Alla settimana 16, un numero significativamente maggiore di pazienti che avevano ricevuto bimekizumab (189 [44%] di 431) ha raggiunto una risposta ACR50 (relativa ad un miglioramento pari o superiore al 50% rispetto ai criteri dell’American College of Dermatology) rispetto al placebo (28 [10%] di 281) e ad adalimumab (64 [46%] di 140).

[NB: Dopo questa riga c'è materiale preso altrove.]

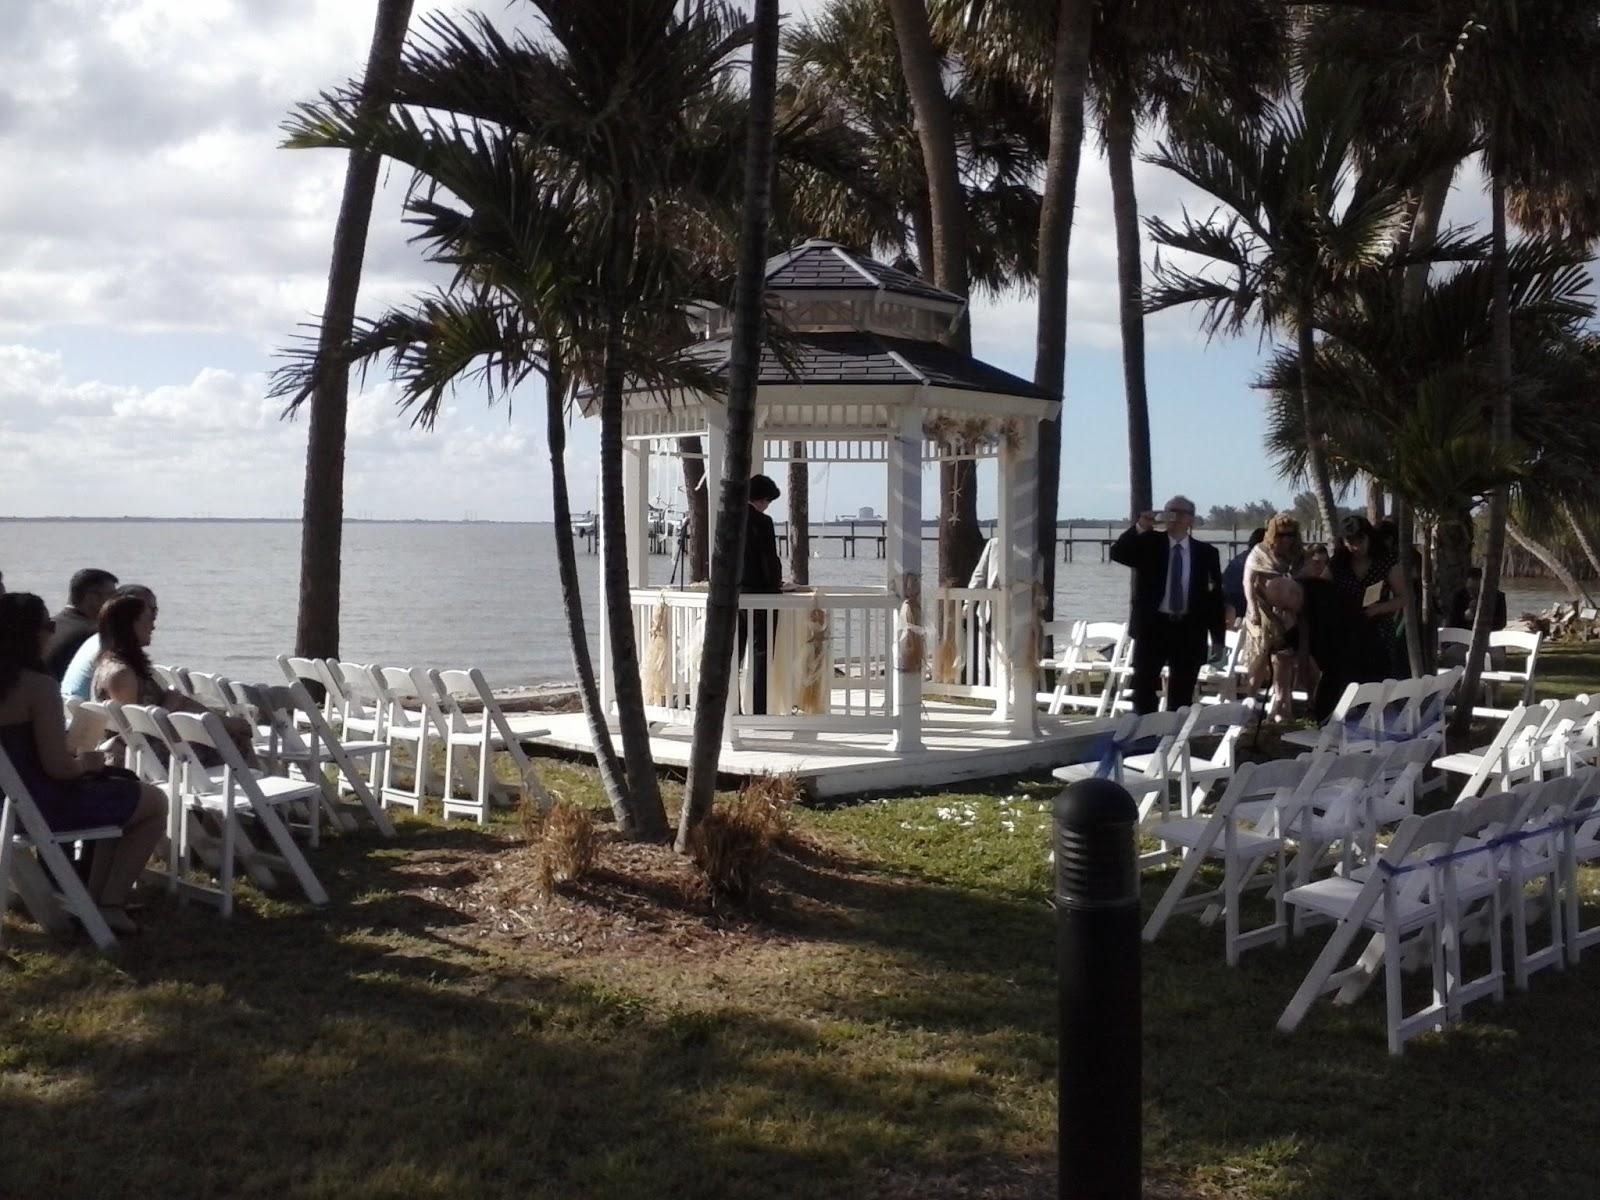 South Florida Gig Log And Event DJ Venues Pietros On The River Jensen Beach Hutchinson Island Wedding Venue
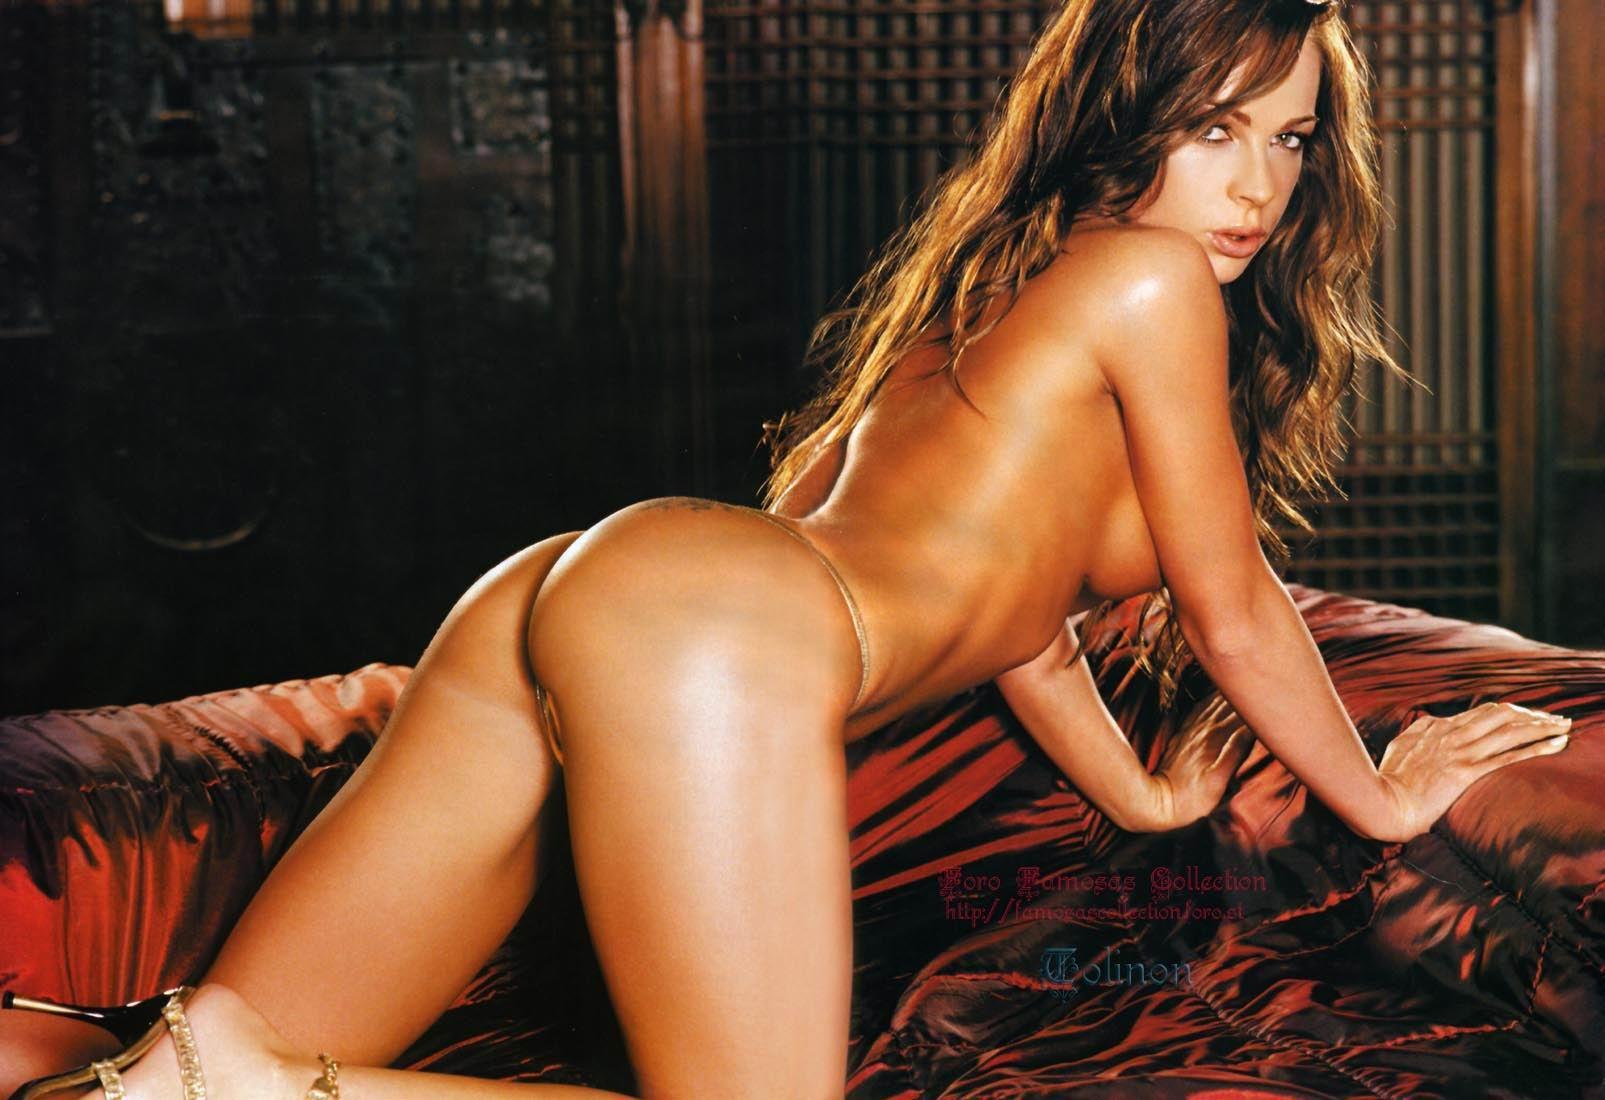 Imogen bailey nude video

Tutti gli endpoint secondari sono stati soddisfatti. Gli eventi avversi legati al trattamento fino alla settimana 16 sono stati segnalati in 258 [60%] dei 431 pazienti che hanno ricevuto bimekizumab, in 139 [49%] dei 281 pazienti che hanno ricevuto placebo e in 83 [59%] dei 140 pazienti che hanno ricevuto adalimumab. Non si sono verificati decessi.

Le conclusioni

Il trattamento con bimekizumab ha avuto miglioramenti superiori nei risultati di efficacia articolare, cutanea e radiografica alla settimana 16 rispetto al placebo in pazienti con artrite psoriasica che erano naive ai farmaci biologici DMARD.

È stato, inoltre, sottolineato che il profilo di sicurezza di bimekizumab, compresa l’insorgenza di infezioni fungine, era coerente con i precedenti studi di fase III in pazienti con psoriasi a placche e con gli inibitori dell’IL-17A.

I. B. McInnes, A. Asahina, L. C. Coates et al., Bimekizumab in patients with psoriatic arthritis, naive to biologic treatment: a randomised, double-blind, placebo-controlled, phase 3 trial (BE OPTIMAL), Lancet. 2023 Jan 7;401(10370):25-37. doi: 10.1016/S0140-6736(22)02302-9. Epub 2022 Dec 6.